To feed the production of low-carbon steel, fertilizer, chemicals, and sustainable aviation fuels, the United States could unlock new sources of hydrogen fuels. Tomorrow’s hydrogen economy will require clean and cheap molecules, but today’s hydrogen processes are far from that goal. Hydrogen from renewables uses large quantities of electricity to produce a high-cost product, while hydrogen from natural gas struggles to sufficiently abate emissions. One already-operational solution uses controlled heat to cleanly extract hydrogen from methane gas, producing EV tires as a bonus biproduct (similarly, one start-up is seeking to produce graphite for EV batteries as a biproduct).

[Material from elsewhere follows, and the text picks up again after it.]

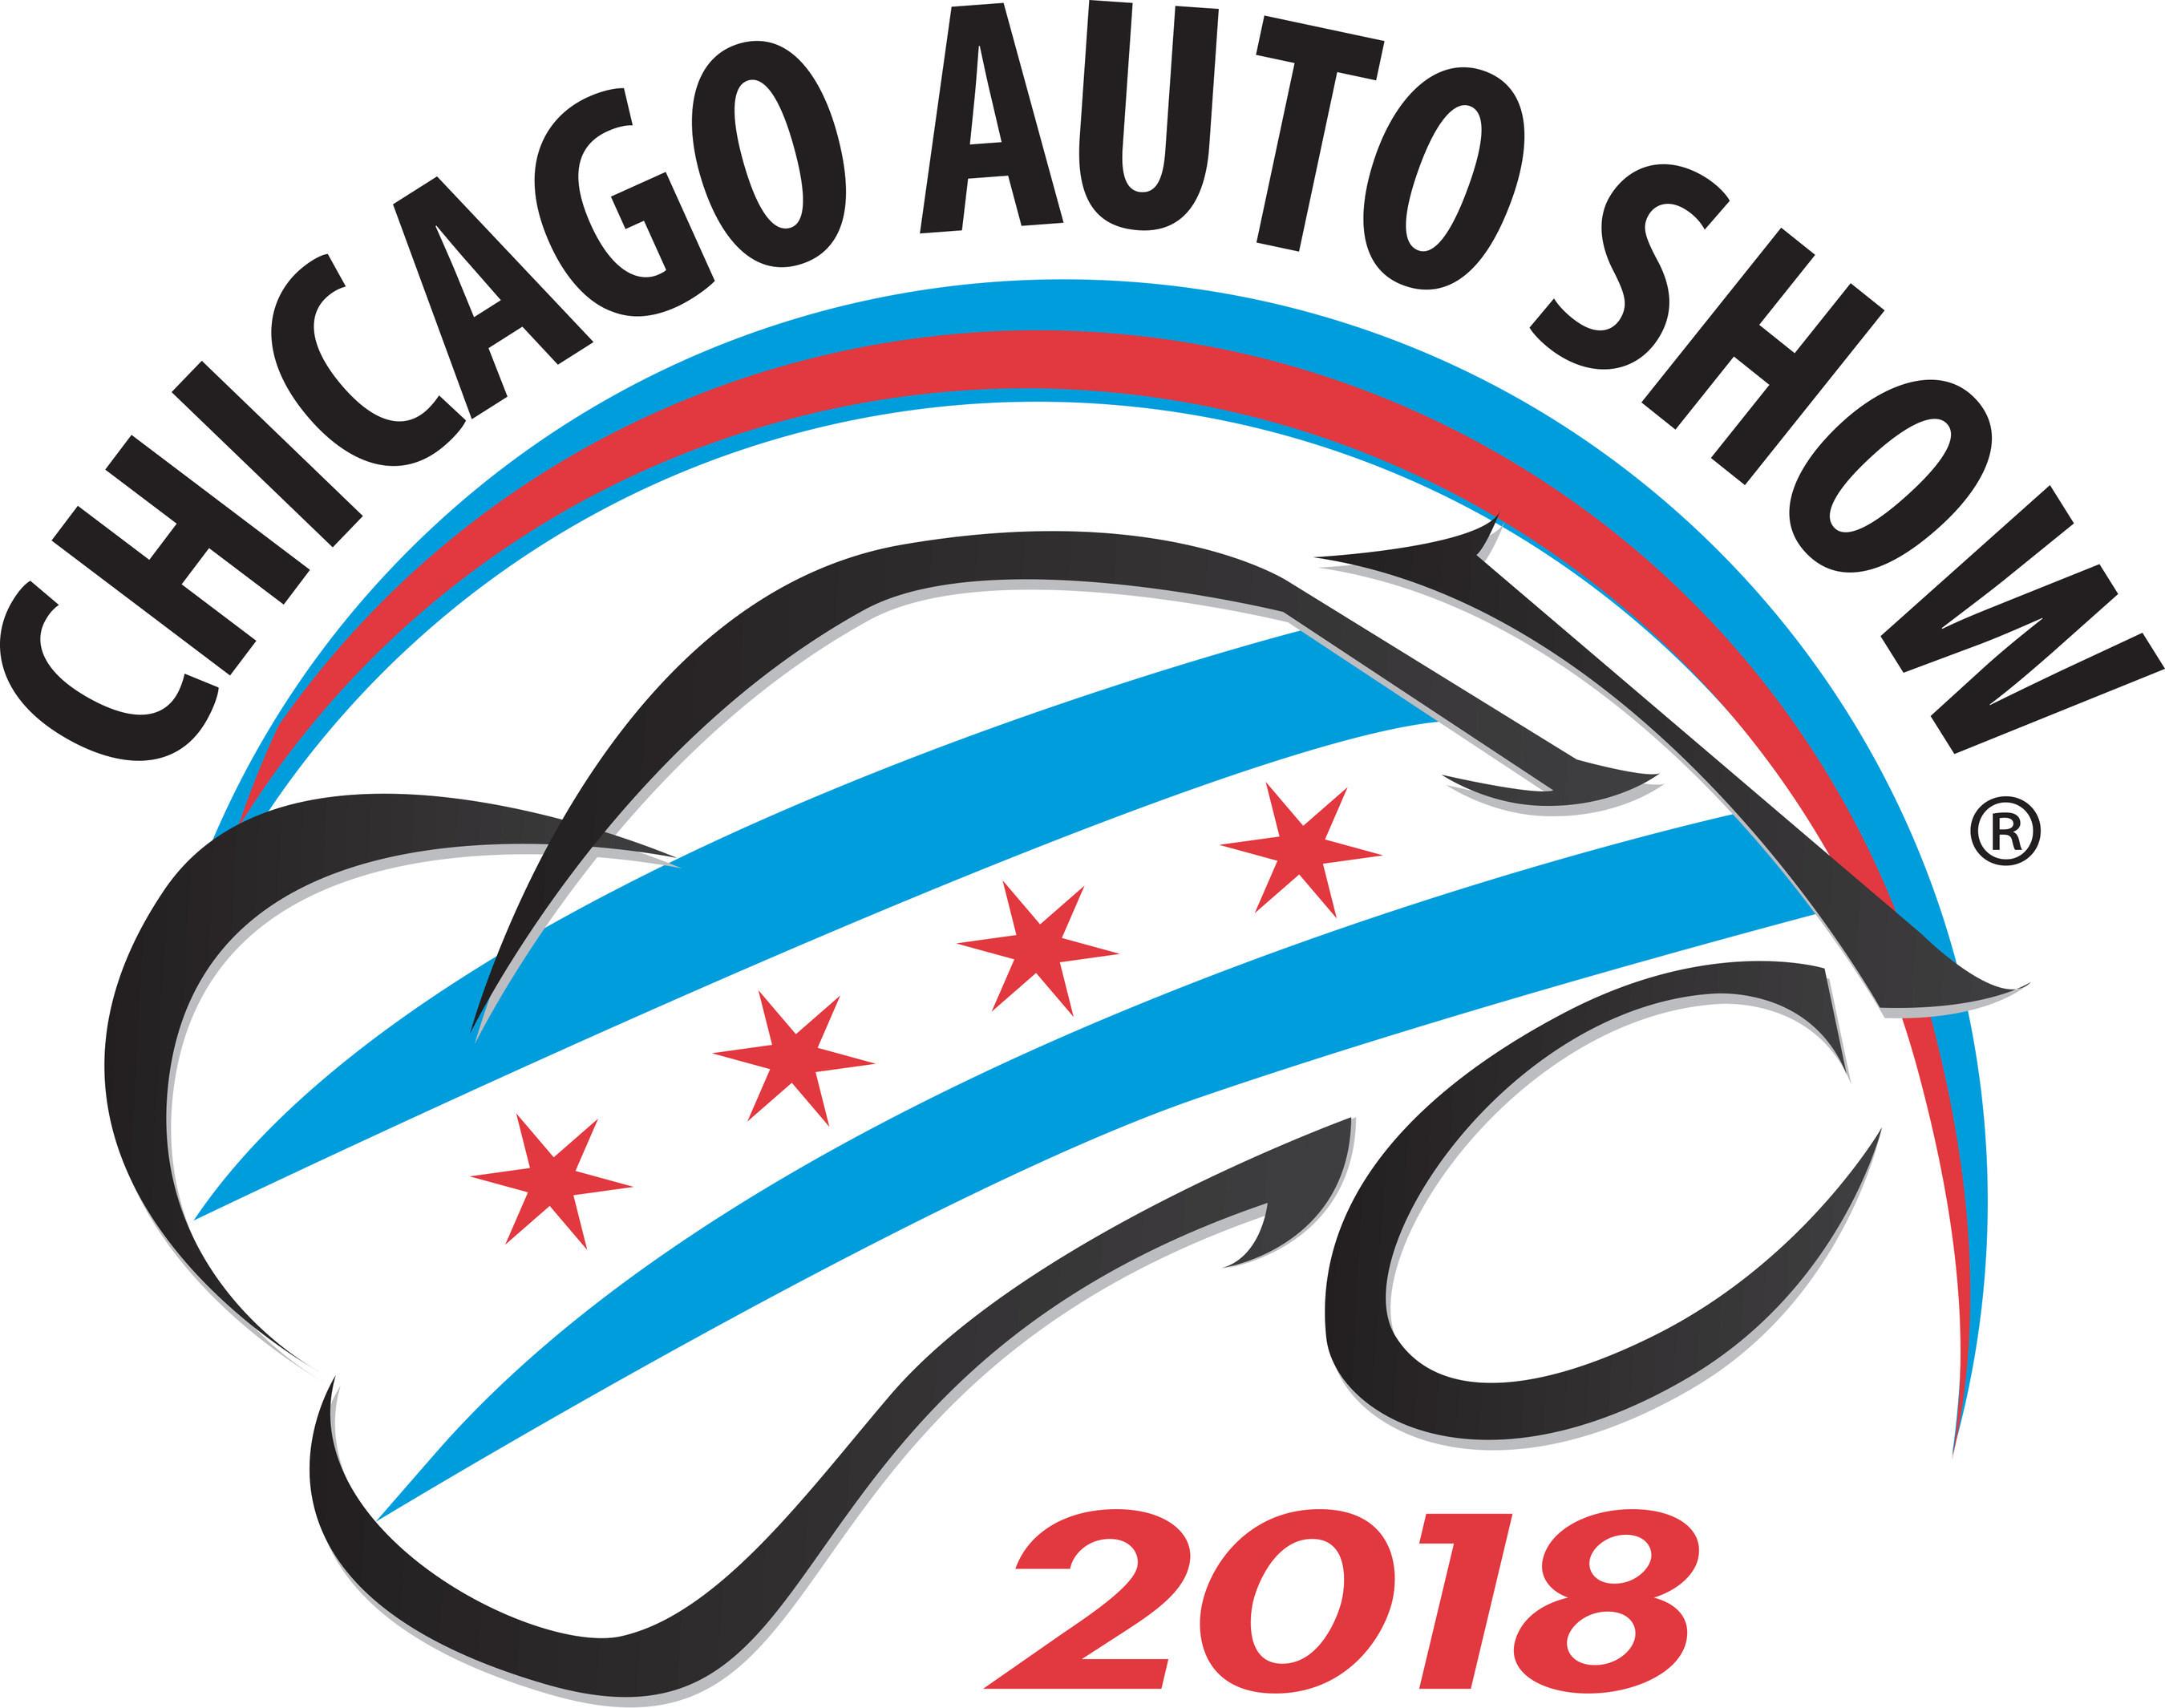 2018 Chicago Auto Show (PRNewsfoto/Chicago Auto Show)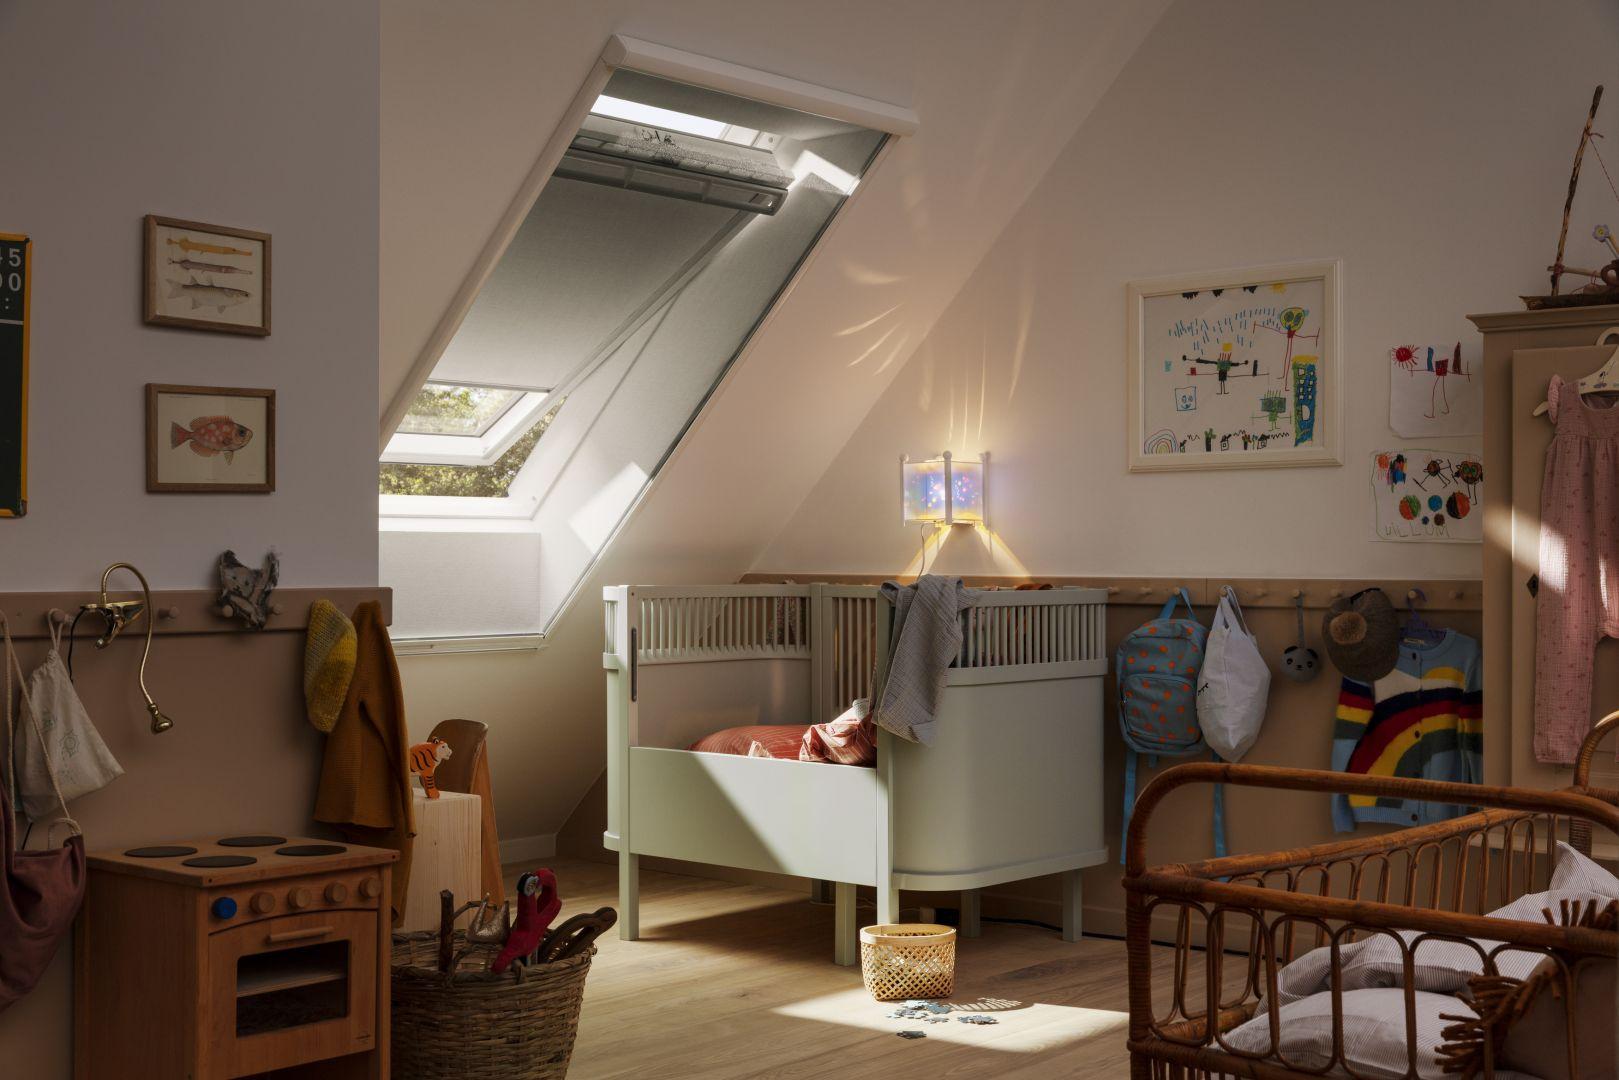 Moskitiery warto zamontować we wszystkich pomieszczeniach, a szczególnie w pokojach dziecięcych i sypialniach. Świeże powietrze korzystnie wpływa na nasze zdrowie, a dzięki moskitierom możemy się nim cieszyć bez obaw o ukąszenia owadów, które mogą być niebezpieczne dla dzieci i alergików. Fot. Velux

Other firms are taking a wildcat approach by drilling the earth for deposits of hydrogen, which (if viable) could yield abundant and low-cost products. Although the United States and Europe maintain some global electrolyzer production—the incumbent machinery used to produce green hydrogen from renewables—China’s low-cost electrolyzers have left European industry in a panic over a potential future flood of cheap products. To leapfrog over electrolyzers, some industry actors are researching techniques that split water into hydrogen using direct sunlight without renewables or associated machinery, but it remains unclear if this process will deliver commercial results.

Scaling the Innovation Machine

These are some of the many advancements underway in the United States, but what unites them is the predicament of being at a pre-commercial stage. After several rounds of equity raising amid positive policy signals, some of these firms could be entering a precarious valley of death, especially those at later stages of development seeking financing for demonstration or a first-of-a-kind project. At present, many of the government grants to demonstrate next-generation technologies have been expensed while some investors have become cautious amid structurally elevated interest rates (see figure 4). Although global clean energy investment flows are annually increasing and are expected to reach $2 trillion this year—double those of fossil fuels—venture capital for North American climate tech has waned since peaking in 2021 (although clean energy-specific flows have may have proven slightly more resilient, peaking in 2022). Even though the number of climate tech deals as a percentage of venture capital remains strong, investment flows have dried up particularly for later-stage start-ups hoping to start commercializing their technology. U.S. policy will now need to address these market dynamics by propelling its most impactful leapfrog technologies to market—all the while continuing to incubate new, disruptive systems.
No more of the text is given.